In 1993, he moved to Corvallis to take a job with Hewlett Packard, where he worked as a chemical mixing technician. He stayed there until he opened his music store, Magnolia’s Audio and Music, in Lebanon in 1999. He moved it to Albany in 2000.
“I could not find a music store that really wanted to service a customer,” Magnolia said. “They didn’t want to deal with the personal touch.”
Playing in bands, “I couldn’t find anything (in the area) I could actually call a good music store,” he said.
Magnolia said he took the customer service seriously, accepting calls after hours, for example, from musicians who might need a set of strings or other equipment at gigs.

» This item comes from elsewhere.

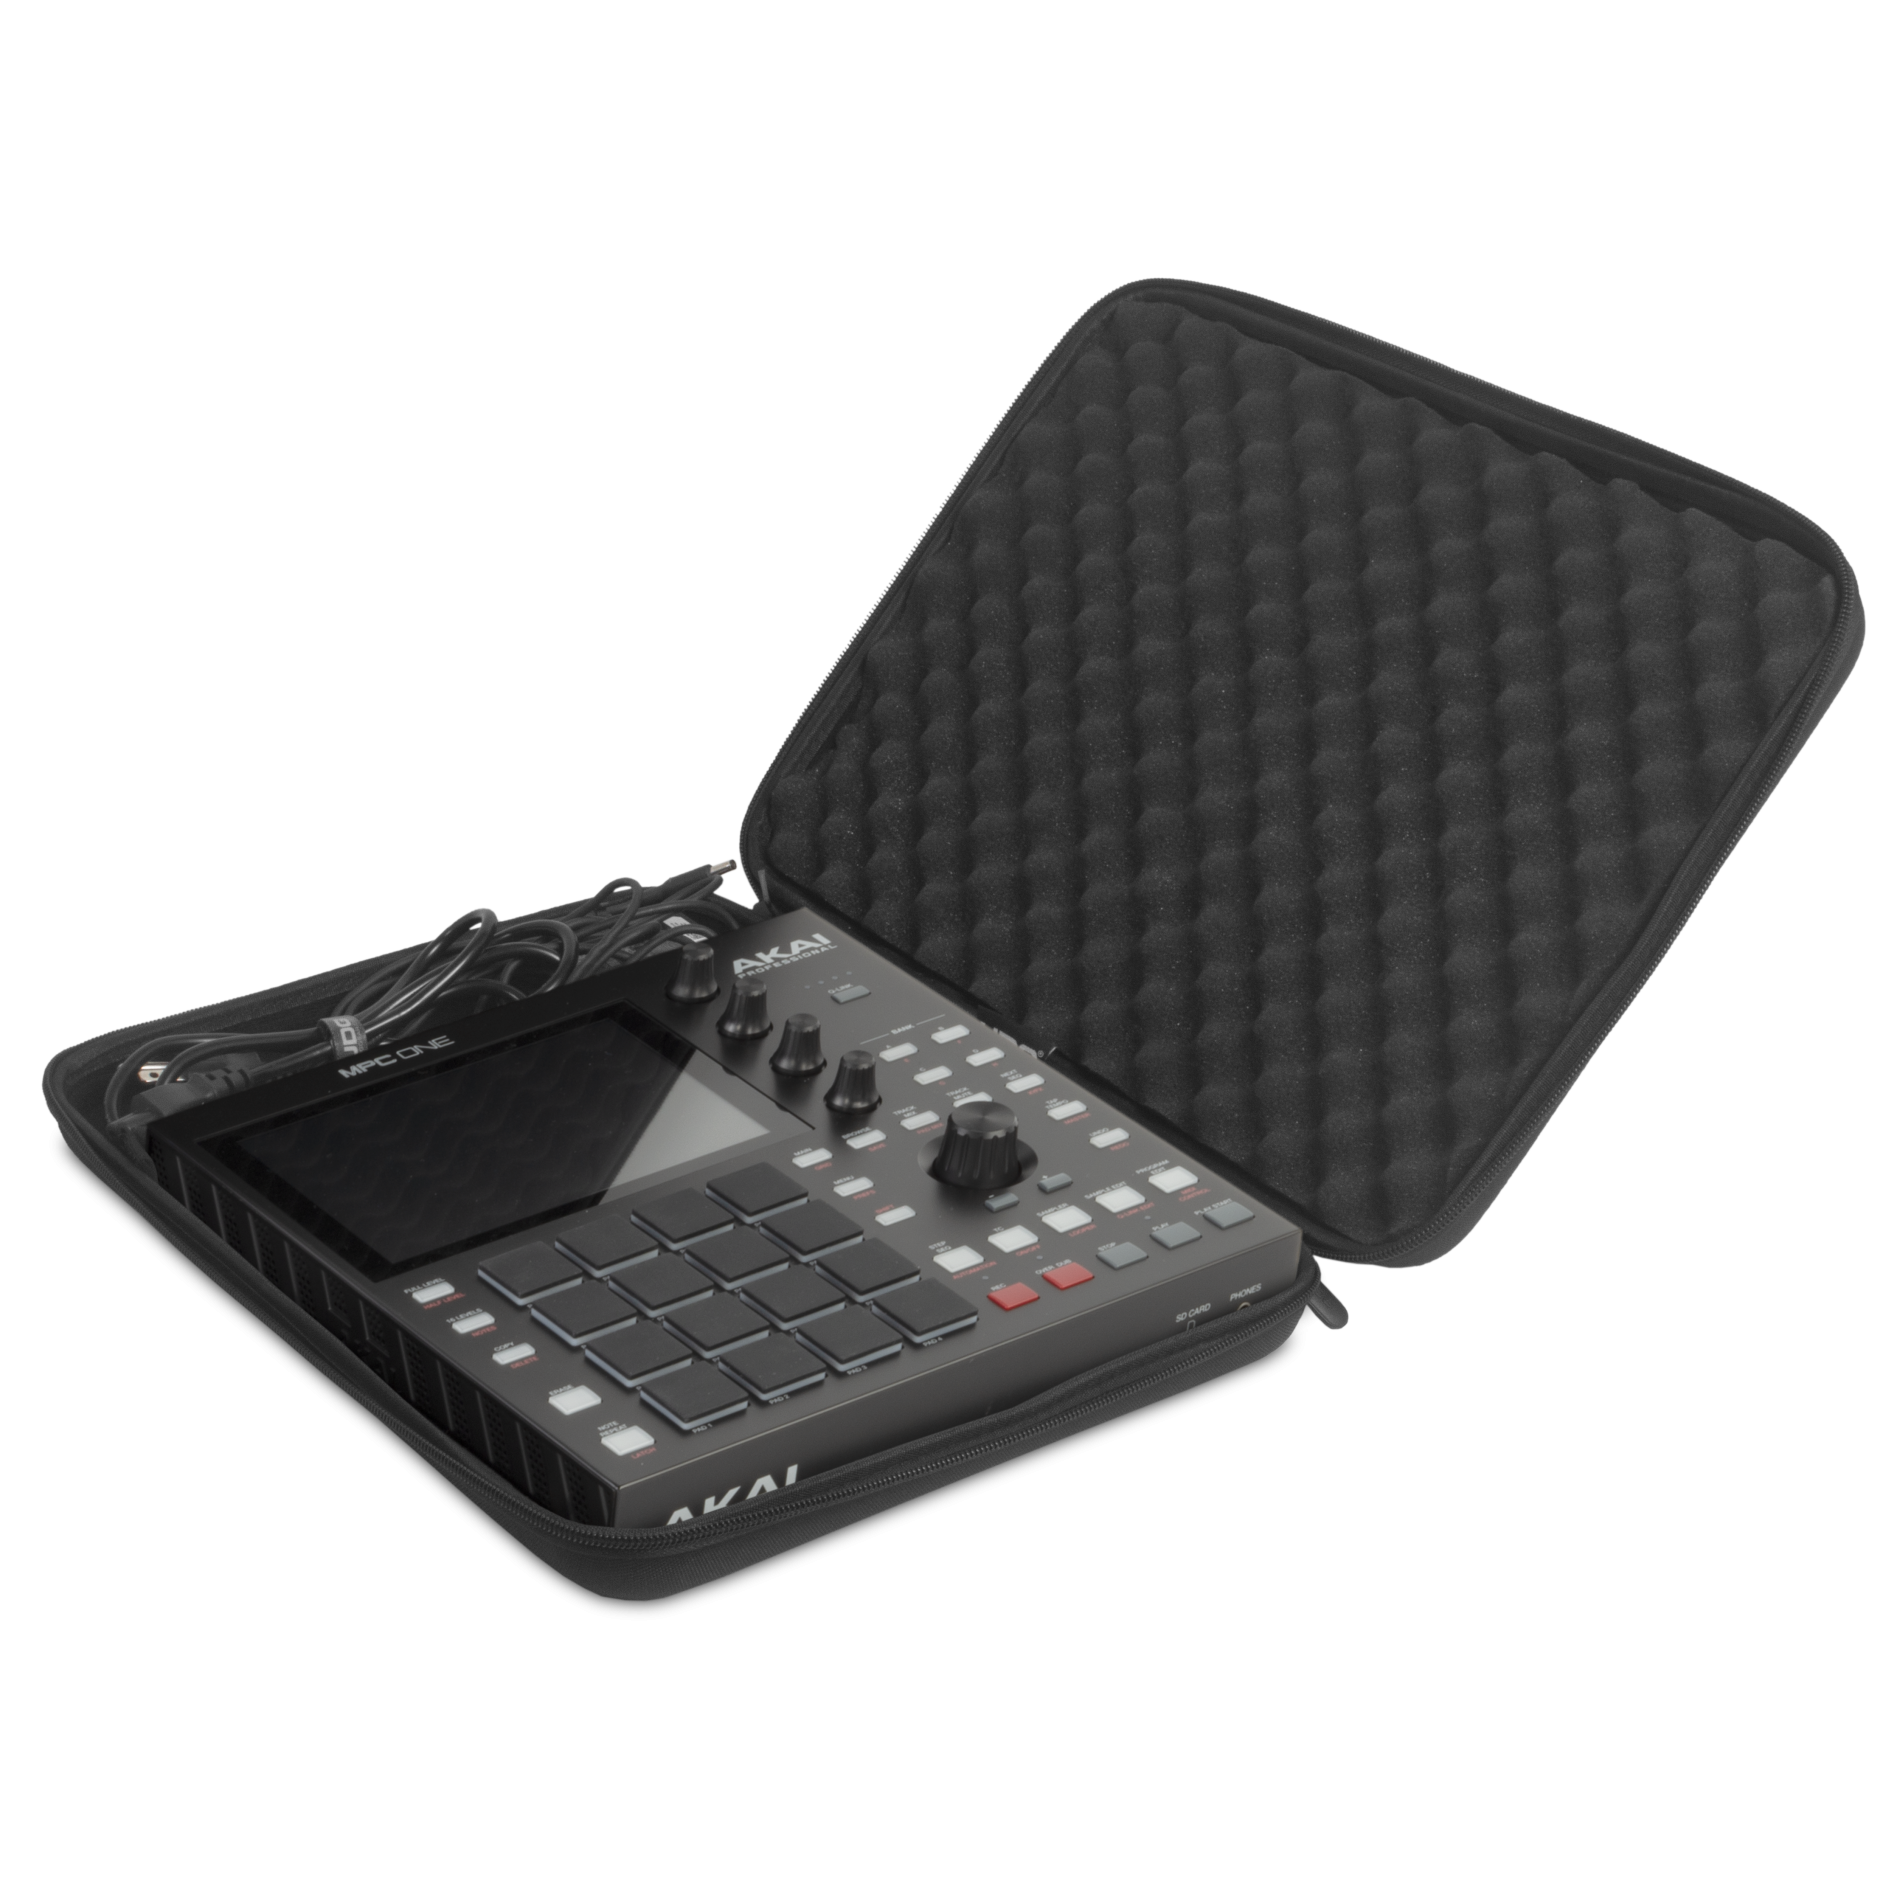 Udg U 8485 Bl( Akai Pc One) - Tasche für Studio-Equipment - Variation 1

He got a good 10 years out of the business – until 2008 when the economy tanked.
“I kept it on life support until 2010 when I realized it’s not feeding me – I’m feeding it,” Magnolia said.
He tried a couple of other things after that, but with coronary problems, he called it a day and retired in 2014.

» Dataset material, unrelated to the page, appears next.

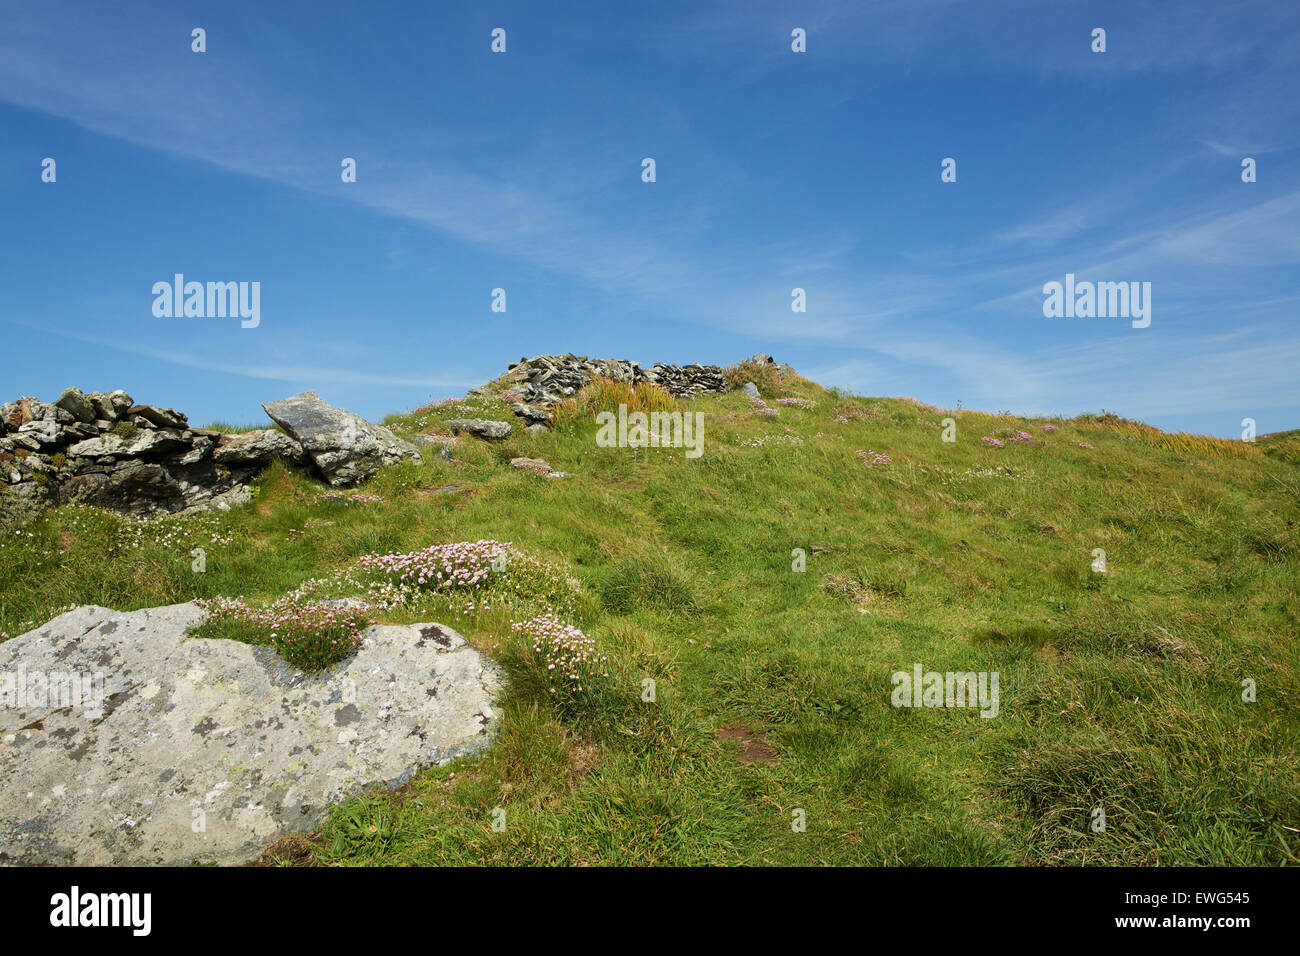 Cornish landes avec un mur en pierre sèche à l'abandon. Pelouse et fleurs parmi les rochers de granit. Banque D'Images

He came to Sweet Home around 2013 after remodeling Wilcox’s home.
Wilcox said she met Magnolia in 2007.
Magnolia was a deejay on Tuesday Blues Day with KLOO radio in Corvallis and Wilcox called him to try to sell him her Oldsmobile after she heard him talking about the cars on his show.
She encountered him again after buying a guitar and visiting his store. Her sister was learning to play harmonica, and Wilcox needed her guitar restrung.
“He now says I chased him until he caught me,” Wilcox said.
Their first date was the Portland Waterfront Blues Festival. Their second was a trip to San Diego to watch a Charters-Jets football playoff game – they were there for the Chargers. Wilcox went on her first “blues cruise” in 2011 with Magnolia.
Magnolia has two children, Steven Magnolia and Jennifer Pulliam. He has two grandchildren, Chandler Rowan, 15, and Henry Pulliam, 3.